What you have to do -> Find the line below with "Be Magazine - Magazines". Print it and every line after it exactly, through the last line, leaving out the pictures.
Data excerpt section start
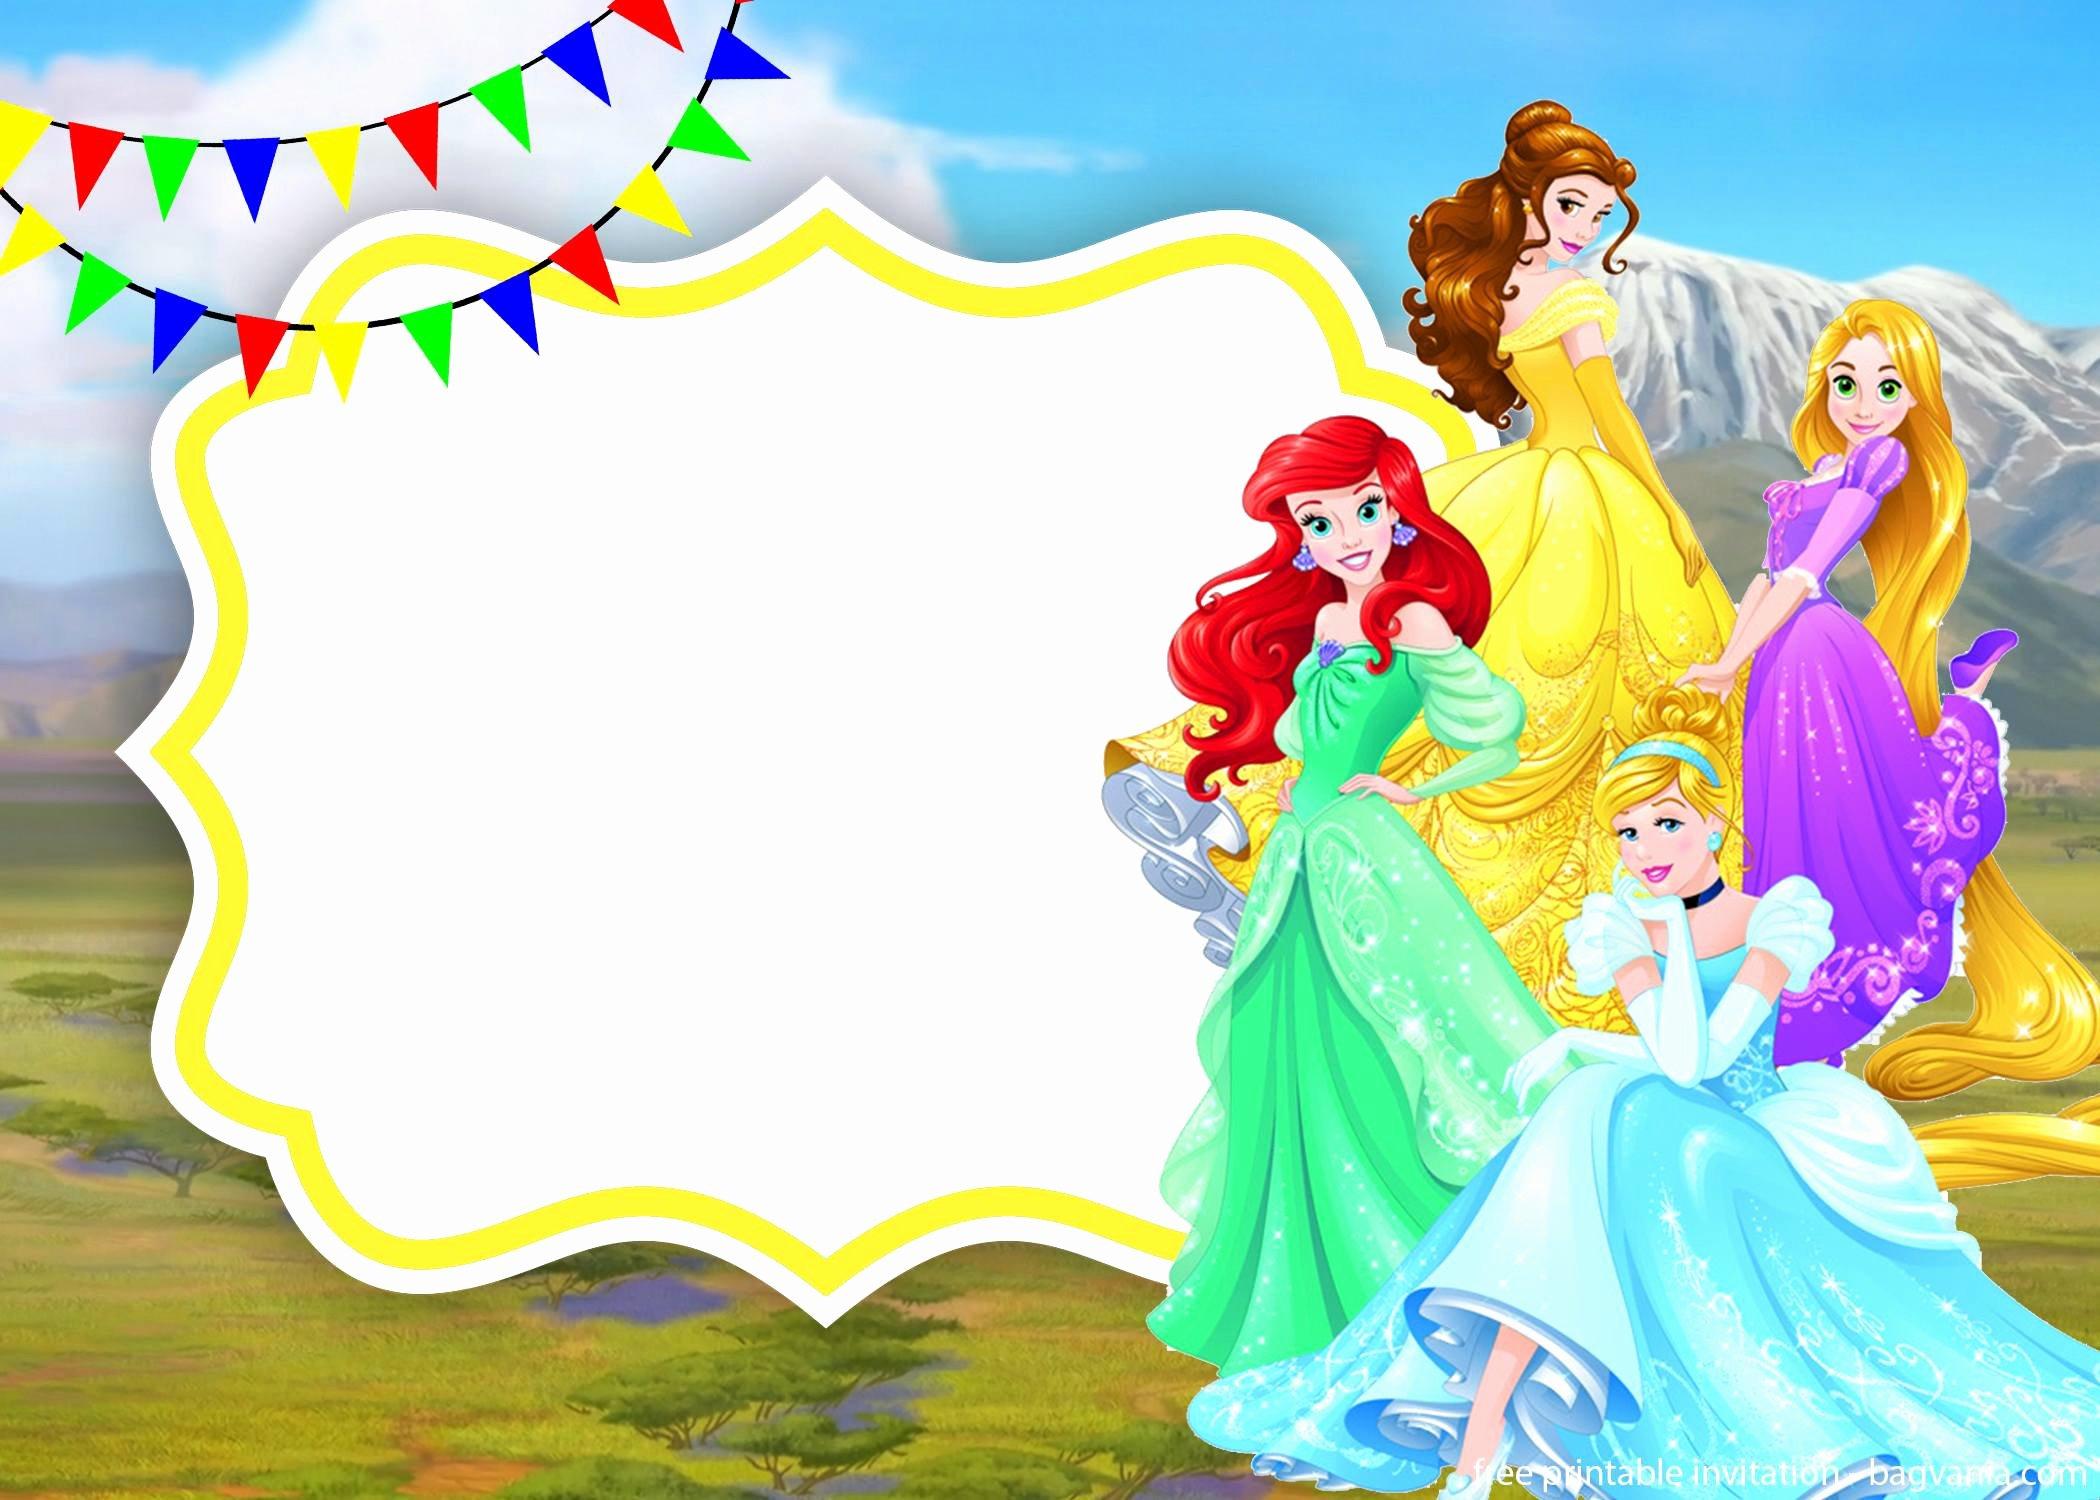 Disney Princess Invitation Templates Free Luxury Golden Disney Princesses Invitation Template – Free
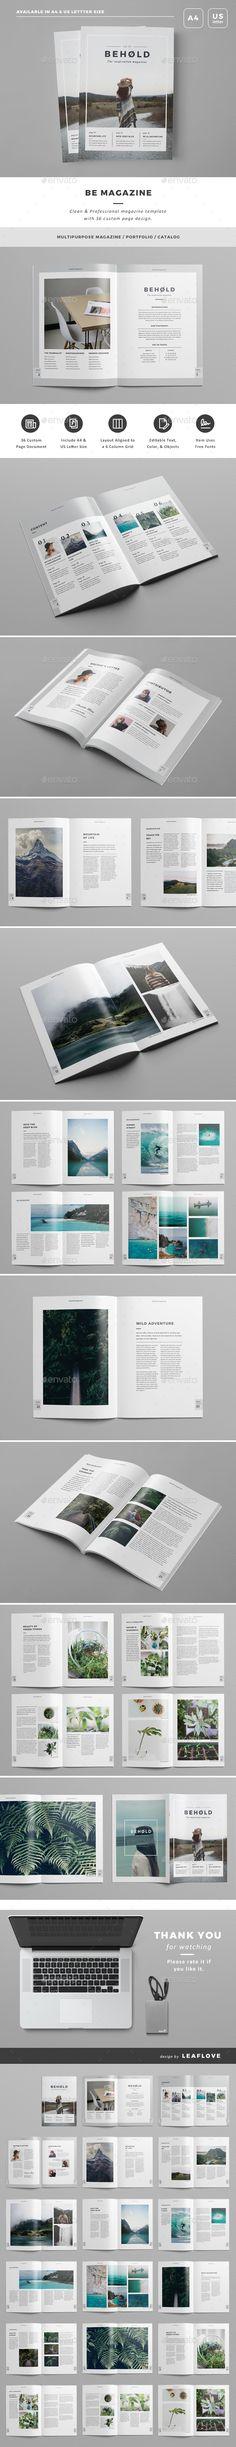 Be Magazine - Magazines Print Templates | Download: https://graphicriver.net/item/be-magazine/18938614?ref=sinzo
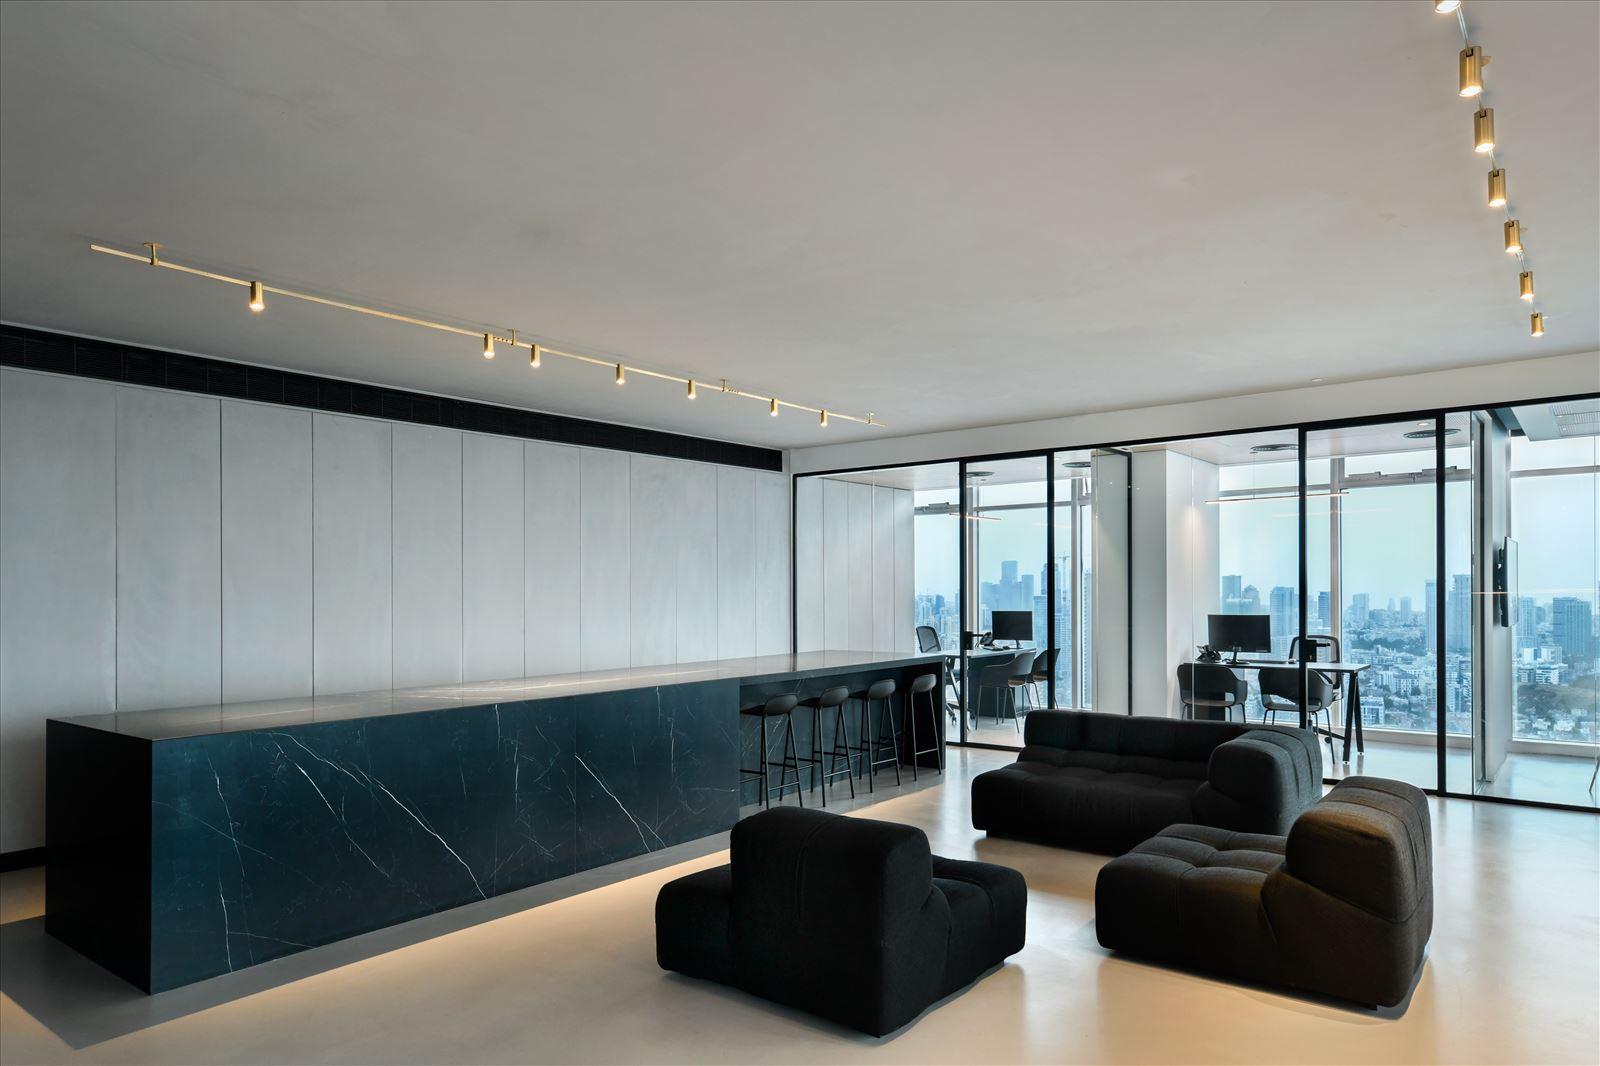 Divident office גופי תאורה מאירים את פינת הישיבה בתכנון קמחי תאורה
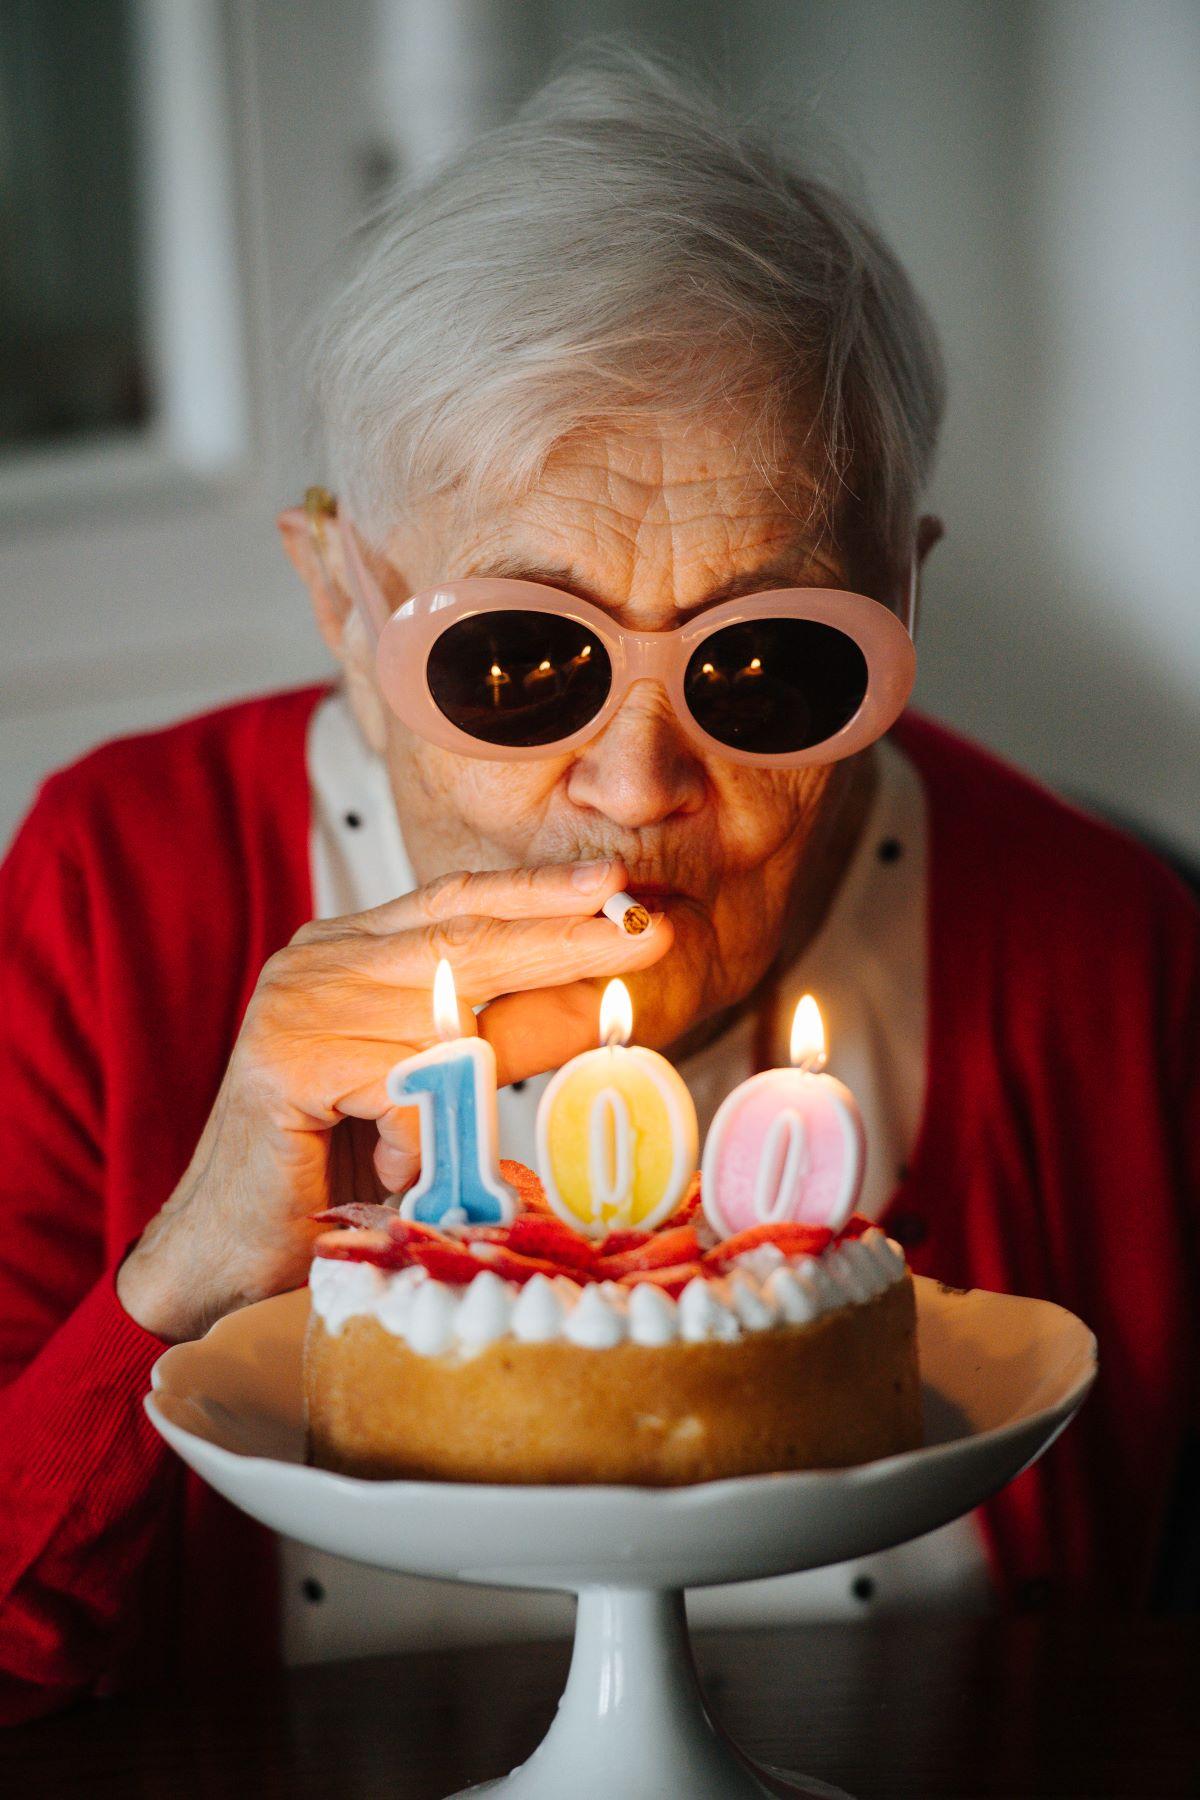 Birthday Gift Guide for Milestone Birthdays, 100
Data excerpt section end
Answer section ->
 Be Magazine - Magazines Print Templates | Download: https://graphicriver.net/item/be-magazine/18938614?ref=sinzo
 Divident office גופי תאורה מאירים את פינת הישיבה בתכנון קמחי תאורה
 Birthday Gift Guide for Milestone Birthdays, 100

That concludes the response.